L'emendamento alla legge comunitaria per far alzare la percentuale minima di vera frutta nelle bevande analcoliche dal 12% al 20% è stato bocciato. Per la Coldiretti "le più bieche lobby industriali sono riuscite ad avere il sopravvento sulla logica della salute e della qualità" mentre Assobibe chiarisce che i nuovi vincoli sarebbero stati applicati ai soli prodotti fatti in Italia, e quindi avrebbe favorito "l'importazione di bibite prodotte fuori Italia con il 2 o 3%".

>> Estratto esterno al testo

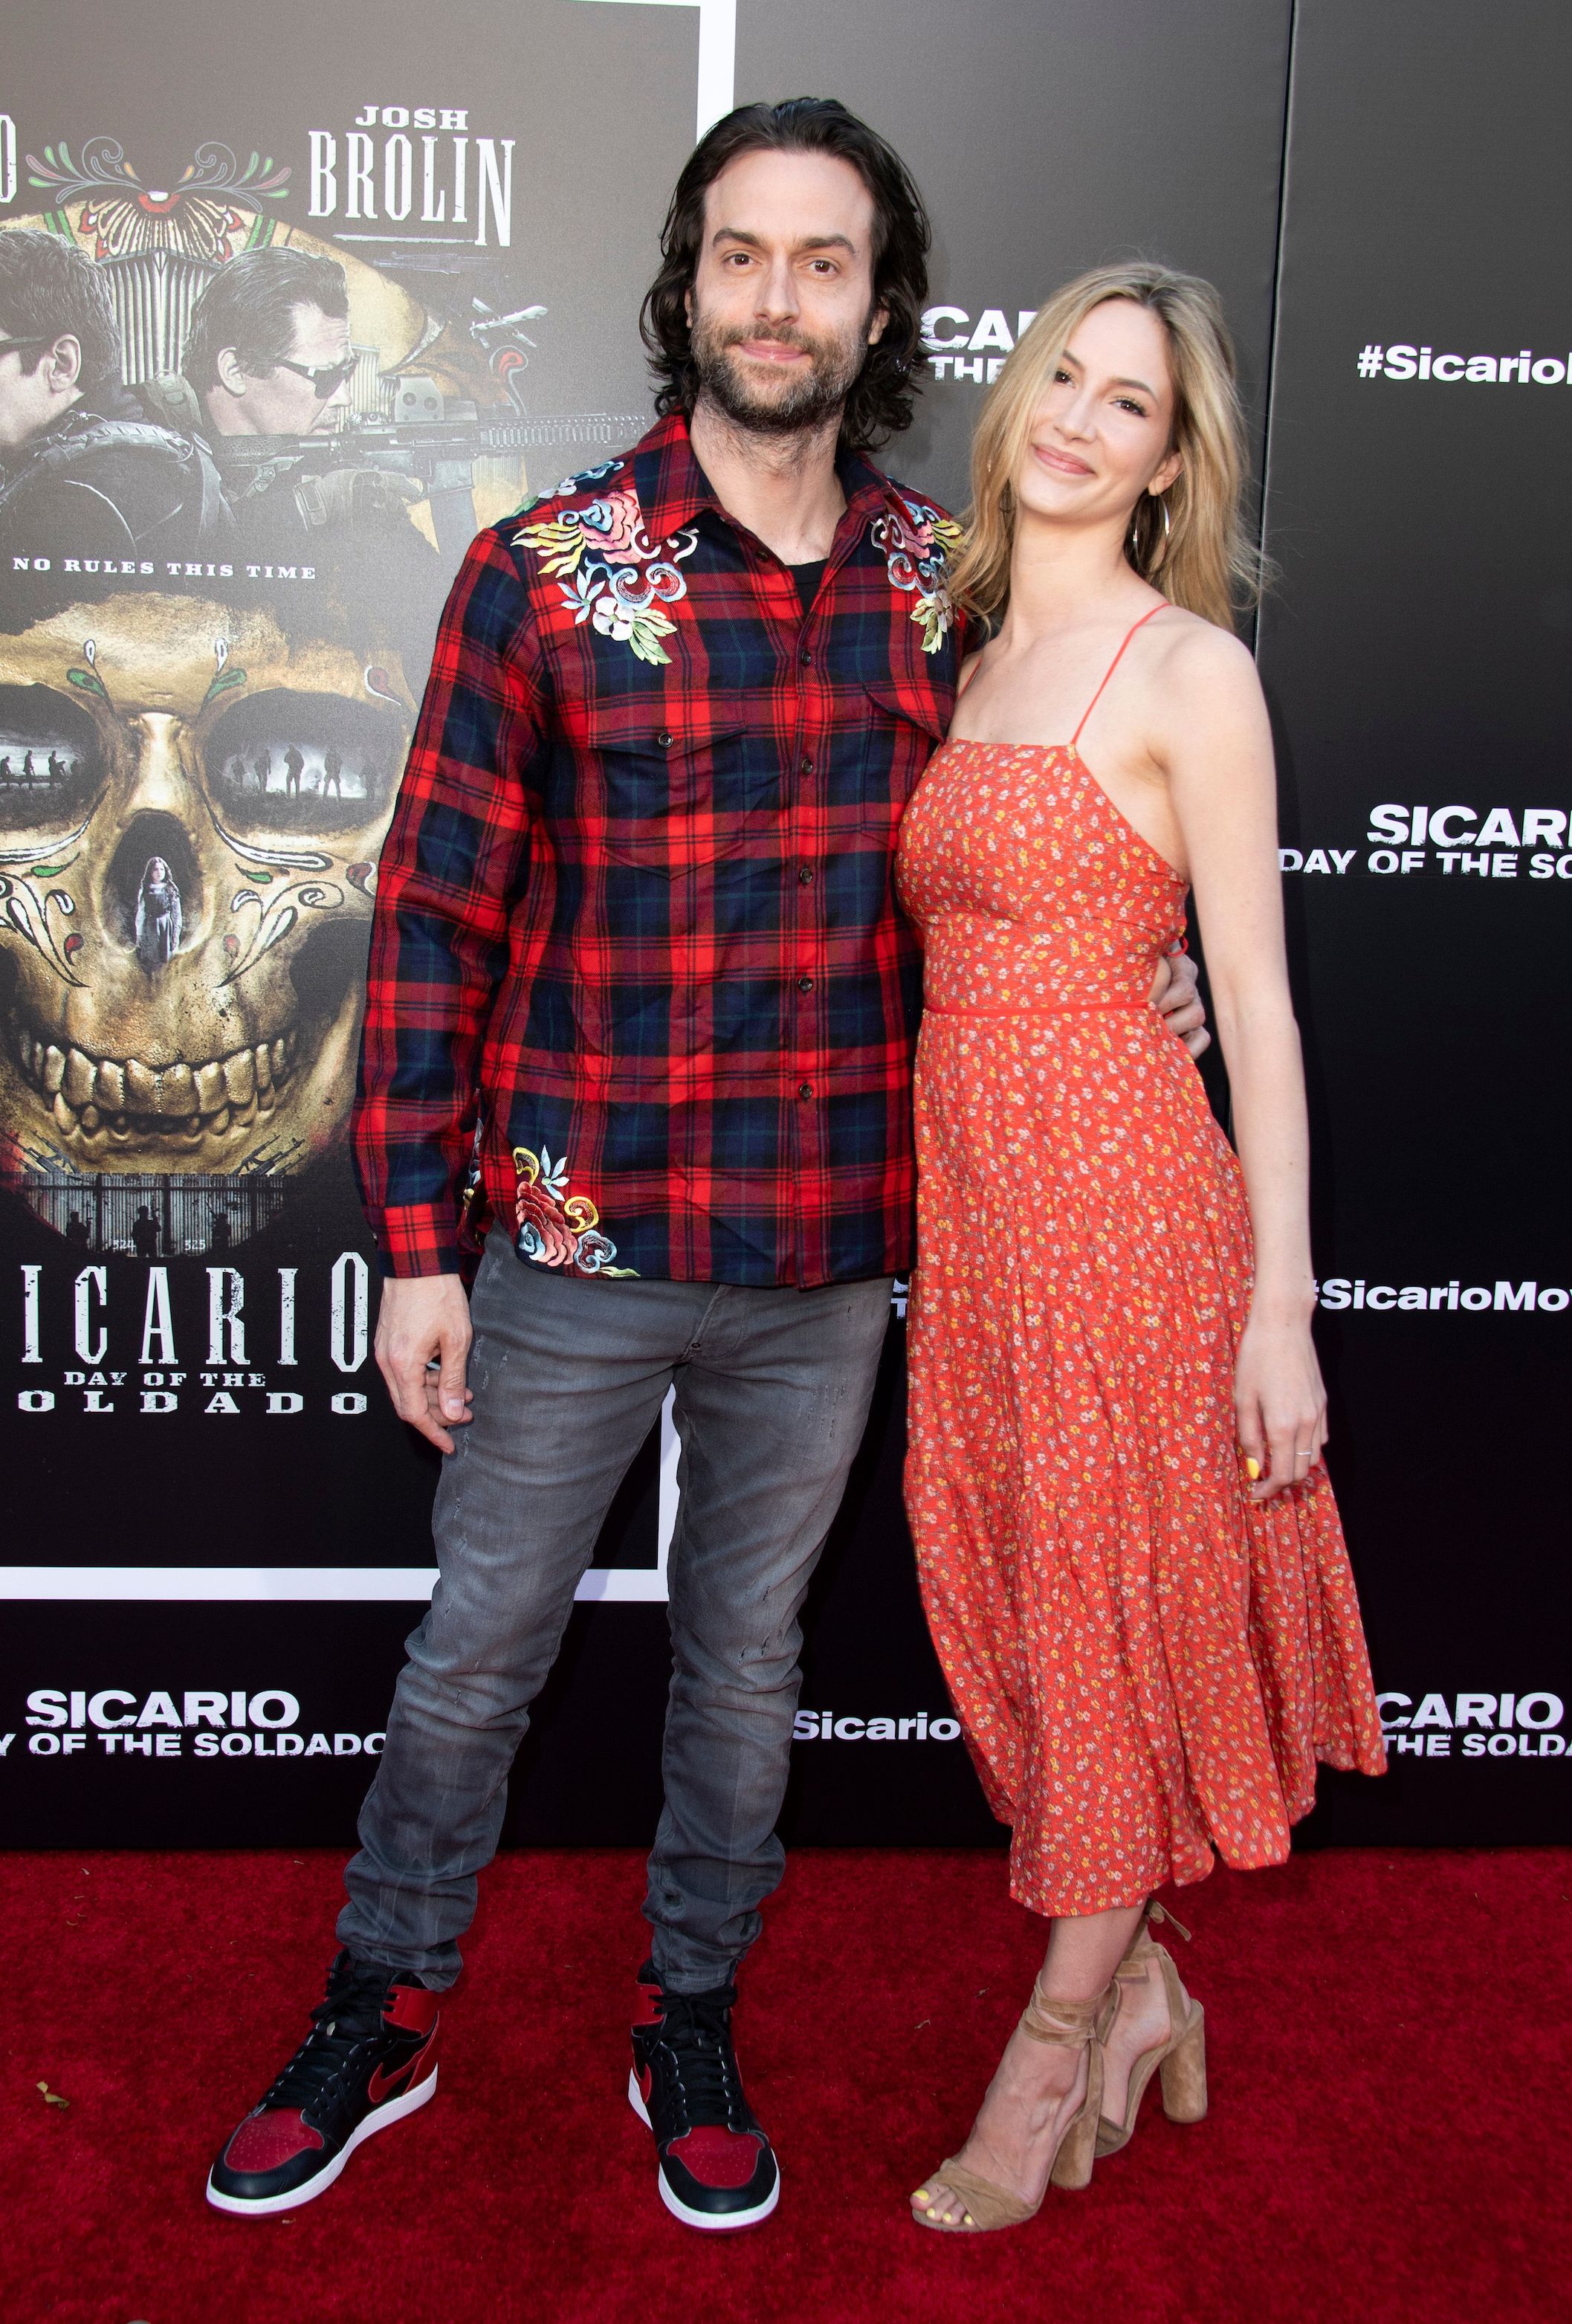 Chris D'Elia's girlfriend, Kristin Taylor, standing and smiling with Chris D'Elia

L'emendamento alla legge comunitaria per far alzare la percentuale minima di vera frutta nelle bevande analcoliche dal 12% al 20%, proposto in commissione Agricoltura della Camera dai PD Nicodemo Oliverio e Michele Anzaldi, è stato bocciato dalla commissione Affari europei dopo il parere negativo del governo Renzi. il sottosegretario agli Affari Europei, Sandro Gozi ha riportato alla commissione il parere del ministro dell'Agricoltura Maurizio Martina (PD) che spiega come per il governo ci buone probabilità che l'emendamento, una volta approvato, non passi l'esame della Commissione UE. Nel PD si apre una spaccatura con i deputati che attaccano il compagno di partito Martina. "E' il ministro delle Politiche agricole o delle multinazionali?" si chiedono Michele Anzaldi della commissione Agricoltura, Federico Gelli e Giovanni Burtone, della commissione Affari Sociali. La Coldiretti afferma quindi che bisogna "prendere atto che le più bieche lobby industriali sono riuscite ad avere il sopravvento sulla logica della salute e della qualità" mentre per Assobibe, l'Associazione di Confindustria che rappresenta il settore bevande analcoliche, l'approvazione dell'emendamento avrebbe favorito "l'importazione di bibite prodotte fuori Italia con il 2 o 3% di succo denominate 'aranciate/limonate etc' e vendute a prezzi più competitivi stante la quantità di succo notevolmente inferiore". Assobibe infatti spiega: "E' opportuno chiarire che la nuova proposta di cui si parla cancella il 20% approvato nel 2012 e contestato dalla UE e lo reintroduce con l'accortezza di applicare i nuovi vincoli ai soli prodotti fatti in Italia". Assobibe spiega che con l'approvazione della norma quindi "le imprese in Italia" non avrebbero potuto "garantire ai consumatori gusti e prodotti apprezzati da anni, che in Italia" sarebbero stati "vietati (sotto il 20%)". Assobibe conclude chiarendo quindi che far alzare la percentuale minima di vera frutta nelle bevande analcoliche dal 12% al 20% solo in Italia avrebbe penalizzato i consumatori per il rischio "di non trovare più marchi storici nazionali e gusti cui sono abituati, oltre che un'offerta molto più legata alle produzioni di altri Paesi" ma anche "l'indotto e le forniture di succo nazionale visto che sempre più le imprese tenderanno ad importare da altri Paesi anziché produrre in Italia stante nuovi vincoli ed ostacoli".